Traditionally the data-team is used to sitting in their own area and working for many project teams by handling requests either via a ticketing system or vi email. The hand-over of work or throwing of work over the wall creates knowledge silos and inefficiencies.
How
There multiple ways teams can use shared resources from the data team, which also depends on the size of the development team and the size of the data team
Small team
In a small team of developers, when the tasks are data related we may have a single person focusing on database related tasks or we may have single dba doing all these tasks for the team. While doing these tasks its better for the data person to pair with the rest of the developers.
The data person should be involved while discussion about features are happening, get involved in white boarding solutions. After the discussions tasks such as designing new tables, indexes, views, stored procedures, triggers for the features under development should be done while pairing with the developers.
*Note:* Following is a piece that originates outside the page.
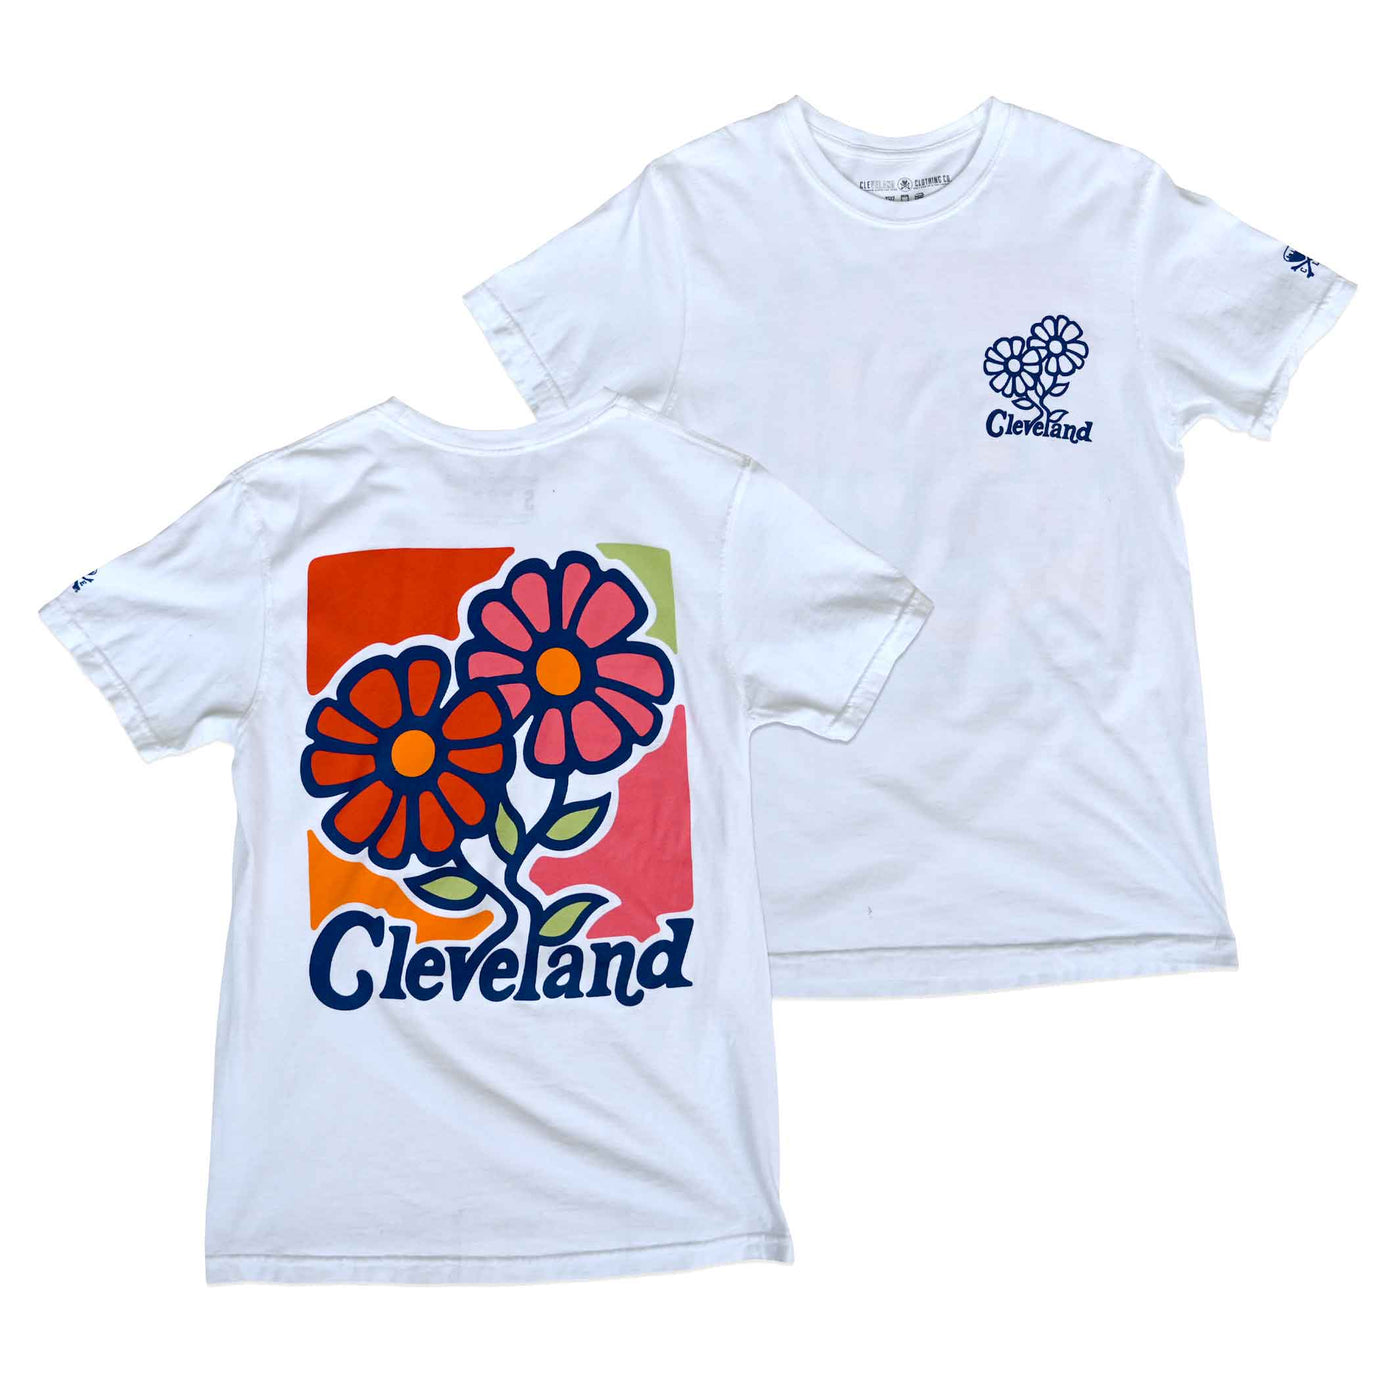 Cleveland Shirt Ohio Shirt the Land Tshirt Cleveland -  Sweden

Operational tasks such as automating monitoring, writing scripts to take backups, performance tuning queries and optimizing index usage or utilities to put test data or take a subset of the production database. The data person should not be doing all these tasks by themselves as it will create silos of information and during times when they are not able to work, brings the team to a halt. The data person should also be pairing to spread knowledge to the team about doing specific tasks with the database and learn from the developers, how the database is used?
Large team
In a large team, if there is a single data person, many tasks may have to be automated such as Sandbox Creation or Publish Data Dictionary, pairing with developers to automate these tasks helps the developers self service much of their database needs. The data person should then be pairing with developers for database design, table design, index design and coding stored procedures, views etc along with the developers. This pairing helps the developers understand the data architecture and makes for a productive team instead of productive silos of knowledge.
Multiple teams
In situations where we have multiple teams and single data person, effective rotation of the data person becomes critical for the success of the teams. The data person should not be targeting to slice the time equally among the teams but look for effective use of the time on the teams. Since each team is going through different development phases they may not need the same attention from the data person.
When the data person is with a given team they should pair with the team members to accomplish the task at hand. They should also enable the team members to pull them into a quick conversation/discussion as and when needed, so that the team does not experience wait times
Multiple teams and data team
In many companies we have a shared database support teams comprizing of DBA, data modellers, data architects, data developers and others. In such a situation its difficult to allocate the data team members to development teams by role during a iteration.
The figure above shows a team of specialists in data, providing service to large number of project teams. When the teams need data related service they should ask for help from the shared data team and then pair with the data team member. This data team member after returning back to the shared team should share the knowledge of the work done on the project team so that anyone from the data team is able to help the project team the next time instead of being dependent on the same individual.
Data team members going from one project team to another also allows for them to share knowledge about what other project teams are doing and talk to them about best practices, design decisions being taken and data entities and attributes available from the other project teams.